Arbitrary Files Types: Any type of file can be imported (not only DICOM). The uploaded file will have its type automatically set in Flywheel according to the matching rules for File Types in Flywheel Core.

Container Attachments (Project, Subject, Session)

It is also possible to import additional files to be stored as attachments to Project, Subject, and Session containers.

To do this, simply place the files into the source folder representing the Flywheel container to which the file should be attached.

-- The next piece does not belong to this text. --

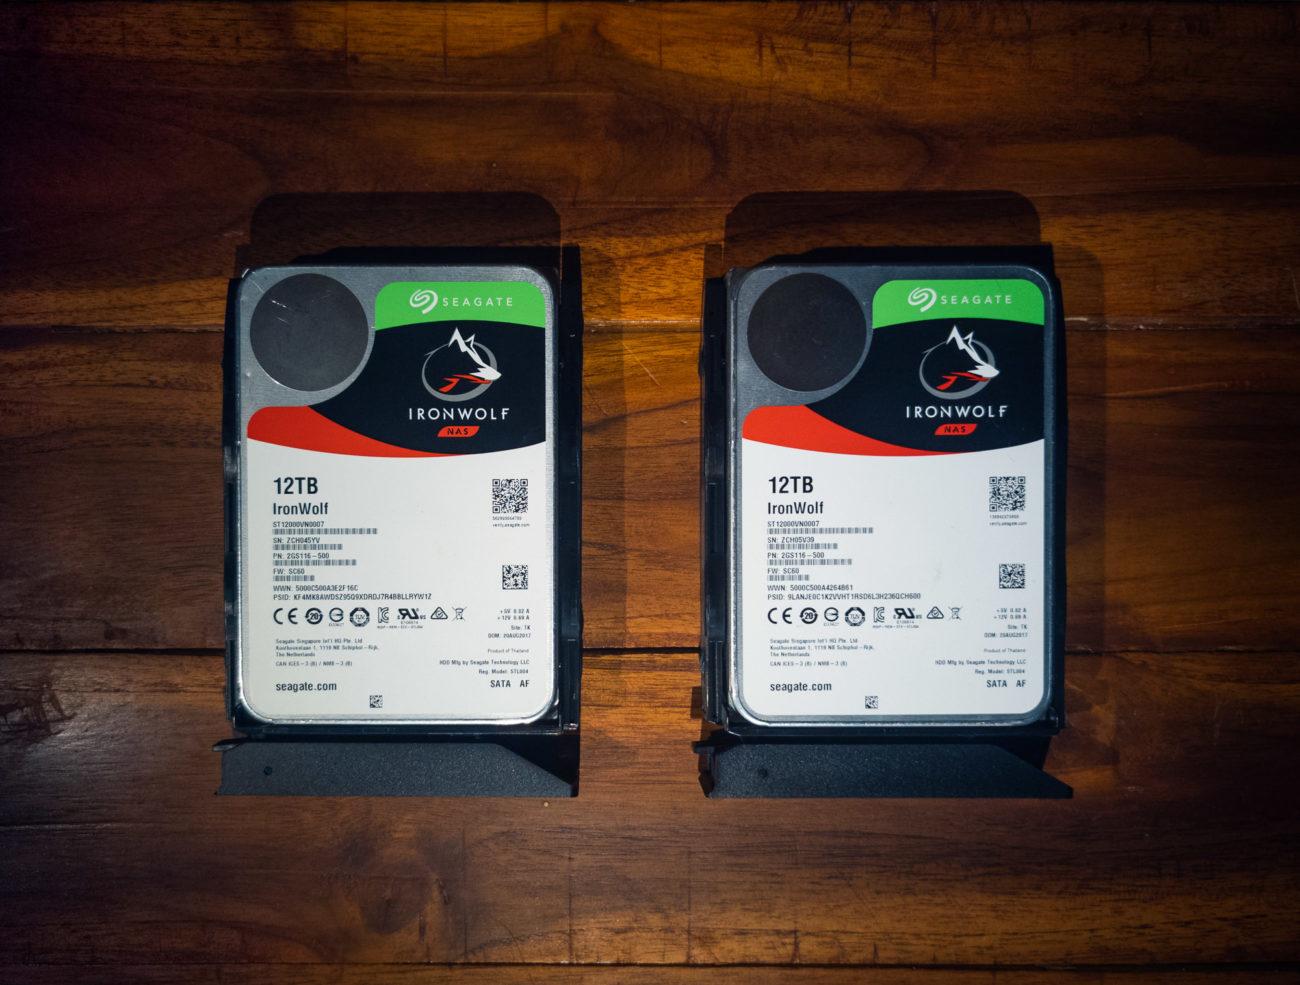 Synology NAS Seagate hard drives.
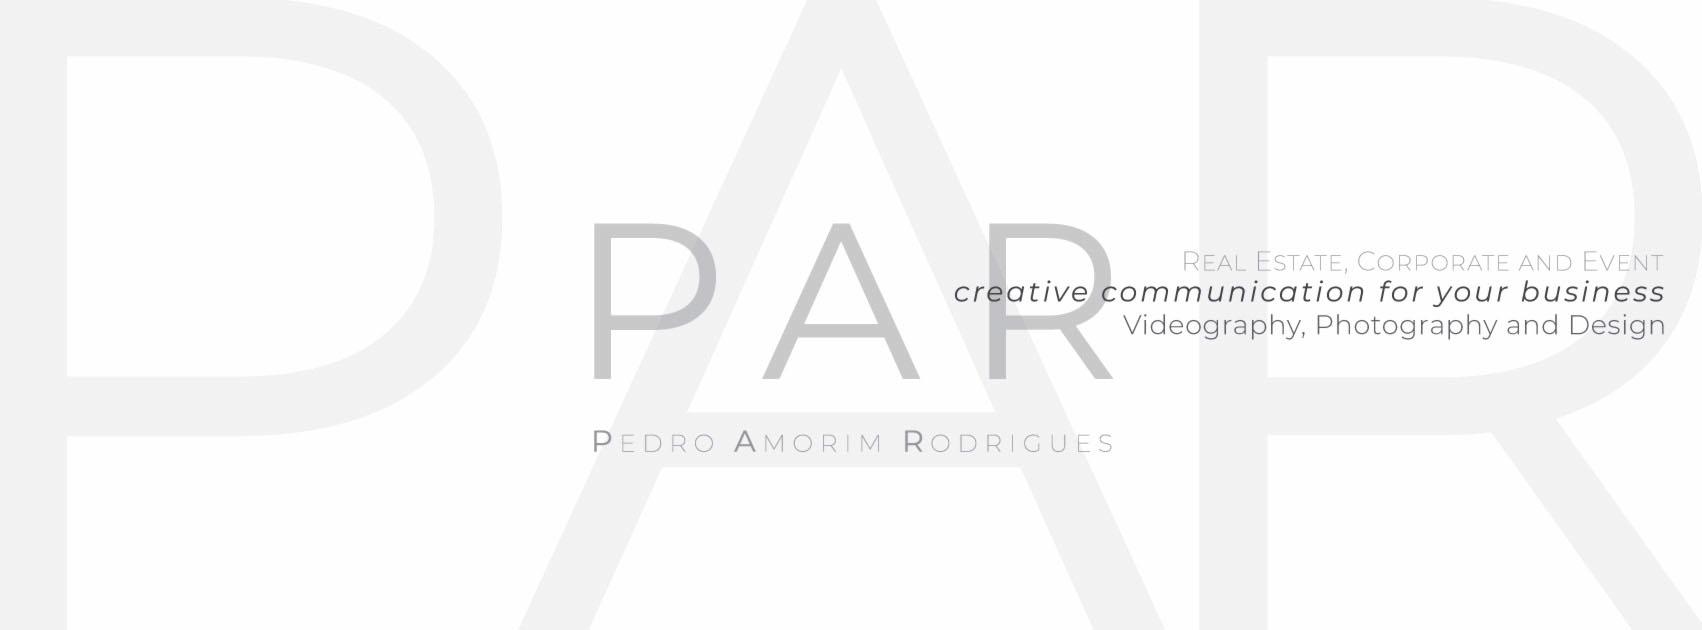 Pedro Amorim Rodrigues

For example, consider the following source data structure:

- s3://myDataBucket
    - objectives-1.csv
    - /Patient123
        - tech-form-1.pdf
        - /Study20220423
            - study-notes-1.txt
            - /Series1
                - formA.pdf
                - report09.csv
                - ...
        - /Study20230122
        - ...
    - /Patient456
        - /Study20221103
    - /...

With the default file path-based mapping rules, this source data would be importing into Flywheel as:

(Destination Project)
- objectives-1.csv (Project attachment)
- Subject: "Patient123"
  - consent-form-1.pdf (Subject attachment)
  - Session: "Study20220423"
    - tech-notes-1.txt (Session attachment)
    - Acquisition: "Series1"
      - File: formA.pdf
      - File: report09.csv
      - ...
  - Session: "Study20230122"
  - ...
- Subject: "Patient456"
  - Session: "Study20221103"
- ...

Note how the following files are imported based on where they were located in the source folder structure:

objectives-1.csv is imported as an attachment to the Destination Project
consent-form-1.pdf is imported as an attachment to the Subject labeled Patient123 in the Destination Project
tech-notes-1.txt is imported as an attachment to the Session labeled Study20220423 of the Subjecte labeled Patent123 in the Destination Project

User-defined Mapping Rules

More information about user-defined mapping options can be found in the new (BETA) CLI docs for the import run command.